Thomas werde noch nach dem alten System ausgebildet, wie der zweite Lehrling John erläutert: "Die Lehre geht fünf oder sechs Jahre. Nach zwei Jahren musst du aufs College in Gravesend. Du lernst Seemannskunst, Kartenarbeit, Navigation. Dann wirst du geprüft: 'Riverknowledge' – Flusswissen.” Jede Krümmung, jeder Flussabschnitt habe seinen Namen, erzählt Thomas. "Diese Kurve hier heißt zum Beispiel "Cuckhold's Point". Wir müssen alle Namen kennen - genau so wie die Londoner Taxifahrer die Straßennamen."

EU reglementiert Ausbildung

Flutschutzwehr 'Thames Barrier' in einem Vorort Londons (Foto: picture alliance)

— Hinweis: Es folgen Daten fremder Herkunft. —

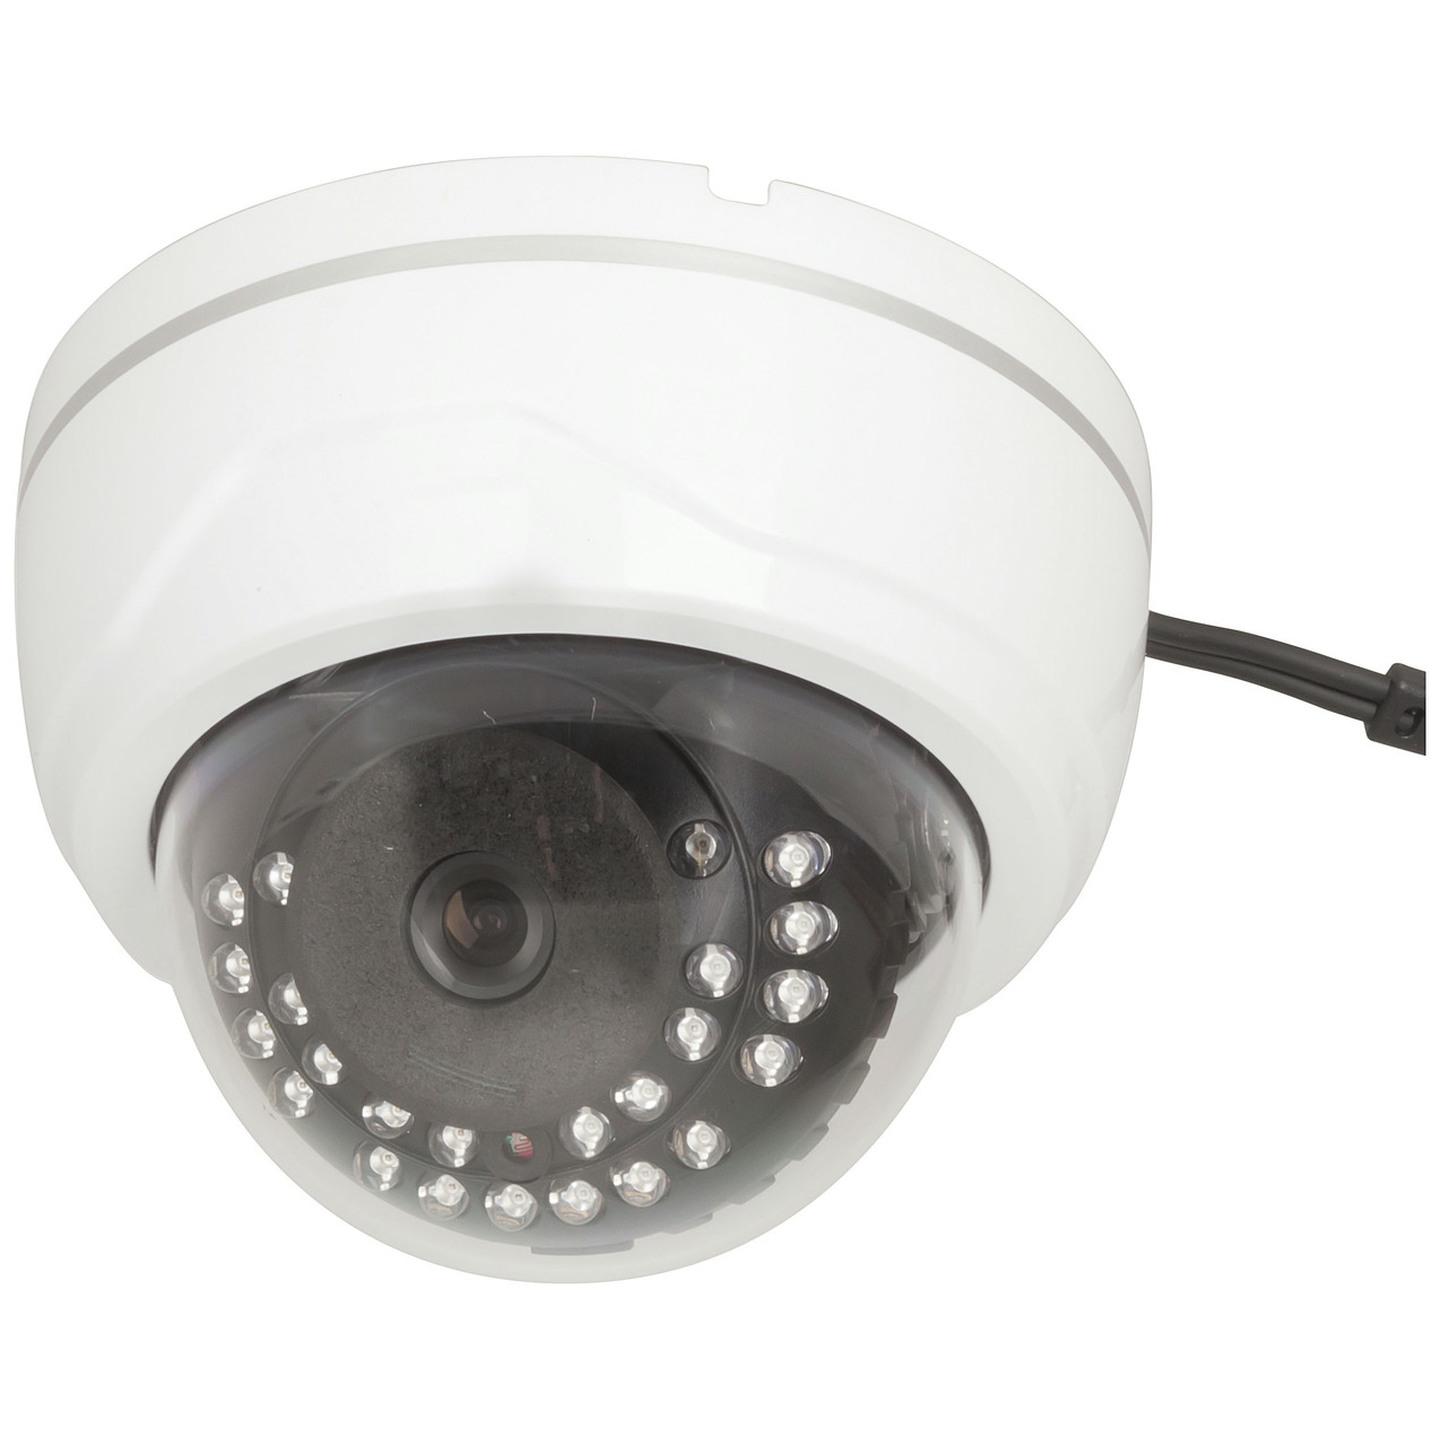 1000TVL CMOS Dome Camera with IR
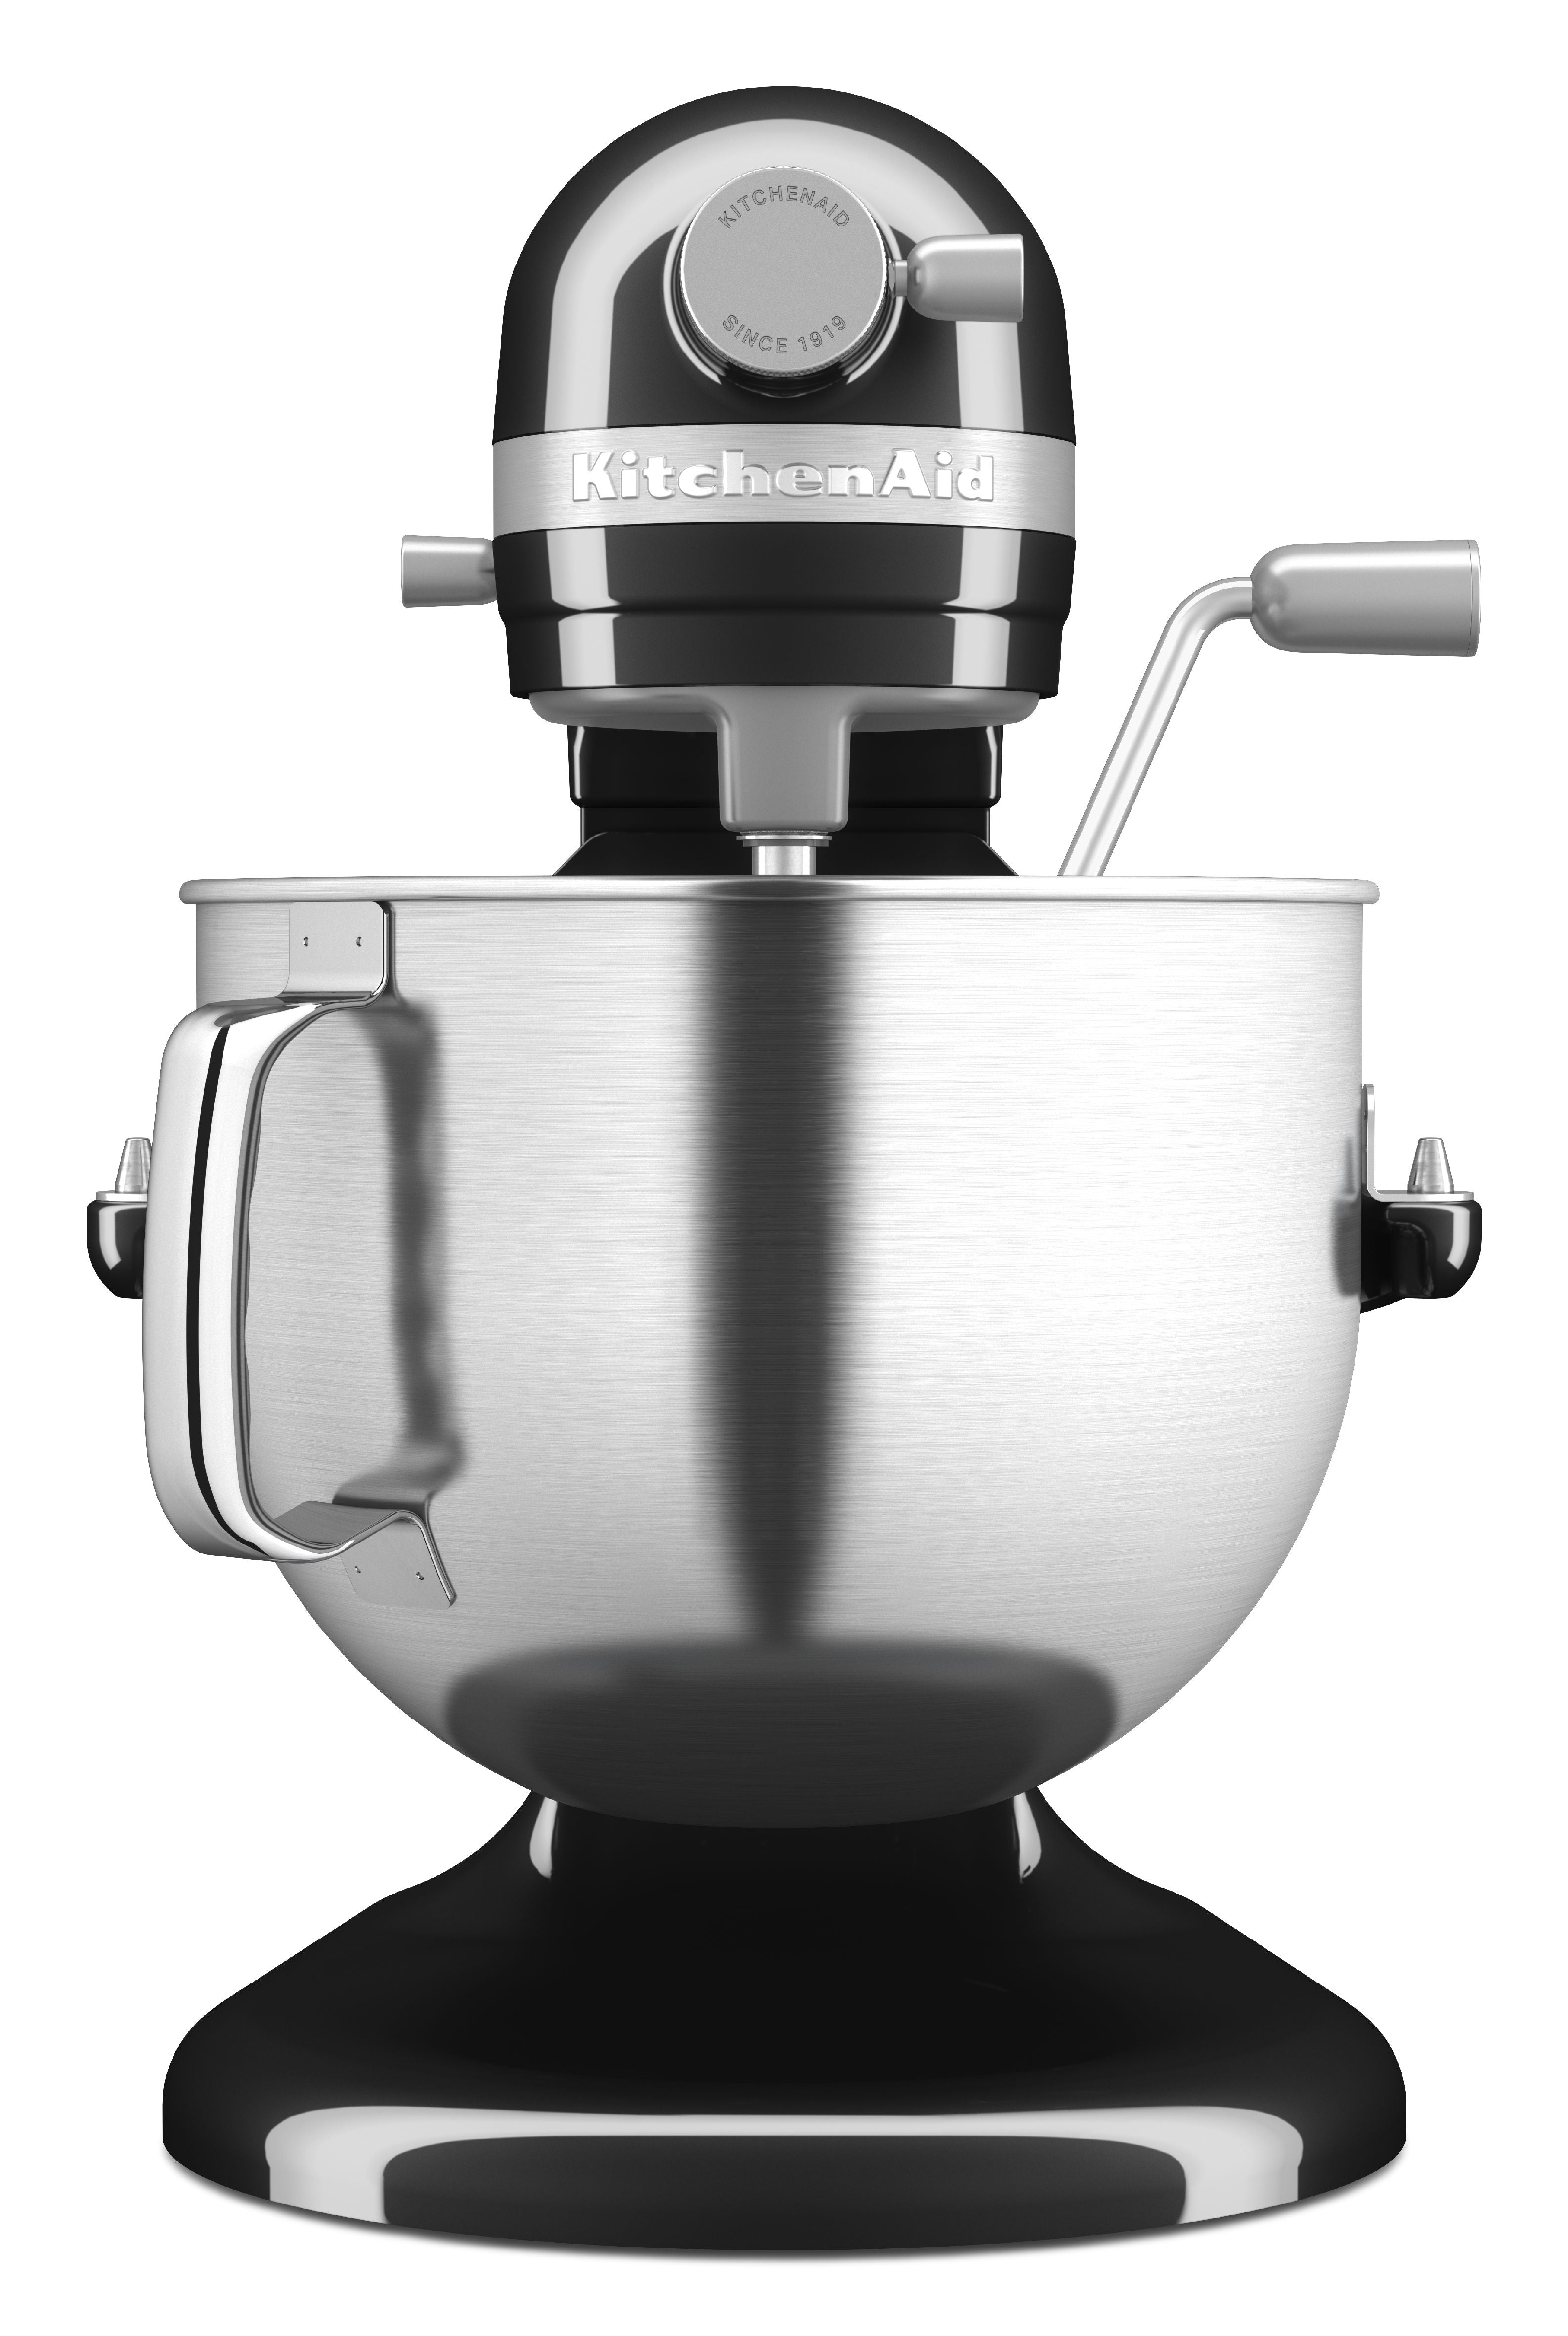 Køkkenhjælp Artisan Bowl Lift Stand Mixer 6.6 L, Onyx Black

Wechselnde Wasserstände: "Thames Barrier" ist das größte bewegliche Flutschutzwehr der Welt

Der 19-jährige John will Schlepperkapitän werden, wie schon sein Vater, sein Großvater und sein Urgroßvater vor ihm. Aber ihn beunruhigt die neue EU-Regelung, die den Ausbildungsweg der Lightermen auf zweieinhalb Jahre verkürzt. Die Themse sei ein Tidefluss, der unter dem Einfluss der Gezeiten Ebbe und Flut wechselnde Wasserstände habe. So komme es auch zu komplexen Strömungen, die man in- und auswendig kennen müsse, das dauere viele Jahre, meint er.

Um seine Zukunft macht sich John aber kaum Sorgen. Der Frachtverkehr werde zunehmend aufs Wasser zurückverlagert, sagt er. Auch Ray, der Kapitän, findet, er habe den besten Job der Welt. Themseschiffer schieben lange Schichten, je nach Wetter, Tide und Jahrezeit. Dafür haben sie jeden zweiten Tag frei. Und außerdem sei die Themse die schönste Straße Londons, meint Ray: "Wenn wir zur Stoßzeit unter den Brücken dahingleiten und oben das ganze Chaos sehen, wird es uns immer ganz warm ums Herz."